While Dengvaxia can prevent people who have already survived dengue from coming down with a second devastating infection, it can also make people who weren’t previously exposed to dengue more vulnerable to a later infection down the road, so it only makes sense to vaccinate people in areas with a high risk of transmission. Although Dengvaxia was created to immunize someone from all four strains, it’s only moderately effective, so the chances of someone not being fully protected are more than likely.

Currently, the three-dose vaccine is approved for use in six countries, and it has been endorsed by the World Health Organization (WHO), although only for areas of the world with high dengue transmission. It's estimated that 50 to 100 million people are infected by dengue annually in around 120 countries, with nearly half the world's population at risk, according to the WHO.

For the study, a collaboration of researchers took another look at data from earlier trials of Dengvaxia, created by the French-based pharmaceutical company Sanofi (and its vaccine branch, Sanofi Pasteur). The original trials enrolled more than 30,000 participants across ten different countries, and the researchers also looked at more recent studies that examined the long-term health outcomes of these participants. They then created a computer model that predicted how effectively the vaccine would work in countries with varying levels of dengue transmission. Though the vaccine would work as advertised in areas of high transmission, reducing the risk of severe illness and hospitalization by as much as 30 percent, it could do the opposite in areas of lower transmission, the researchers calculated.

"In vaccines you hope for more than 30 percent success, but it's the only vaccine available right now to slow dengue," said lead author Dr. Isabel Rodriguez-Barraquer, a research associate at the Johns Hopkins Bloomberg School of Public Health Bloomberg School, in a statement. "If this vaccine is used correctly, many people could be spared illness and hospitalization from dengue. But we should make sure we only use it in places where our data suggest it will do more good than harm."
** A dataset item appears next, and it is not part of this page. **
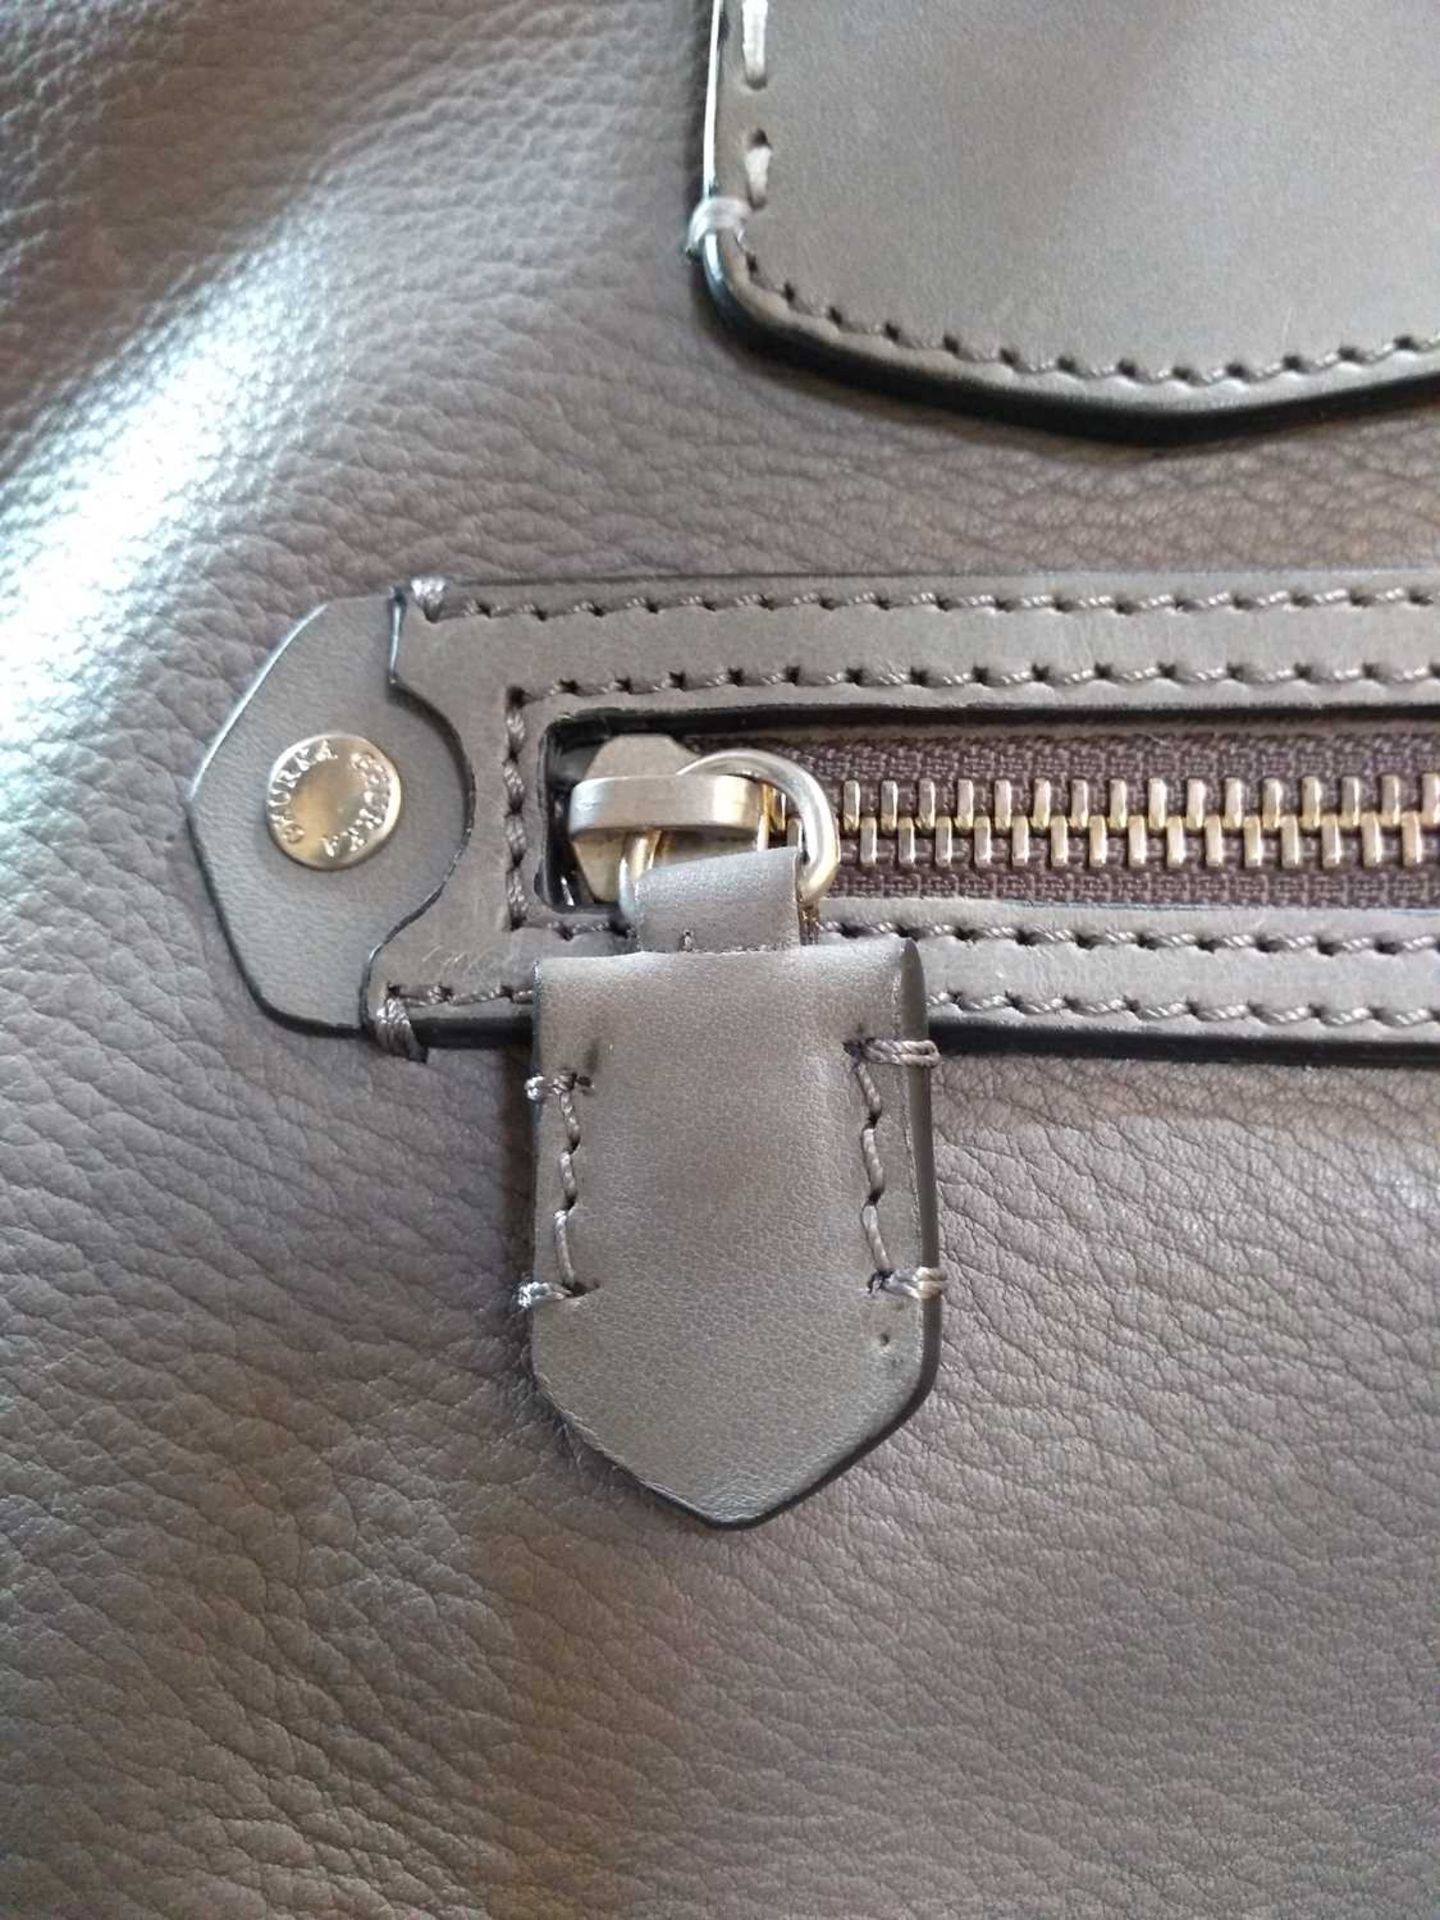 A Ghurka grey leather travel bag, - Image 10 of 13

The differing success rates are due to a particular quirk of the dengue virus, which is transmitted by female Aedes mosquitoes. There are four major strains of the virus, and surviving an infection only protects someone from whichever particular strain they were infected by. While dengue is typically not serious the first time someone gets it (only one-fourth of carriers experience any symptoms, which often resemble the flu), the risk of severe illness, such as a hemorrhagic fever that causes internal bleeding and shock, becomes increasingly high when that person is infected with a different strain. The vaccine also isn’t recommended for children under the age of nine, since they’re less likely to have survived an earlier infection.

Far from demonizing Dengvaxia, the researchers hope their findings only highlight the nuanced reality of modern-day medicine, namely that there’s no such thing as a perfect drug; a crucial reminder in light of ongoing research underway to develop vaccines for other mosquito-borne viruses such as Zika and chikungunya.

"Having a vaccine is a significant step forward for dengue control," Rodríguez-Barraquer said. "However, this vaccine is a prime example of having to seriously weigh the risks and benefits."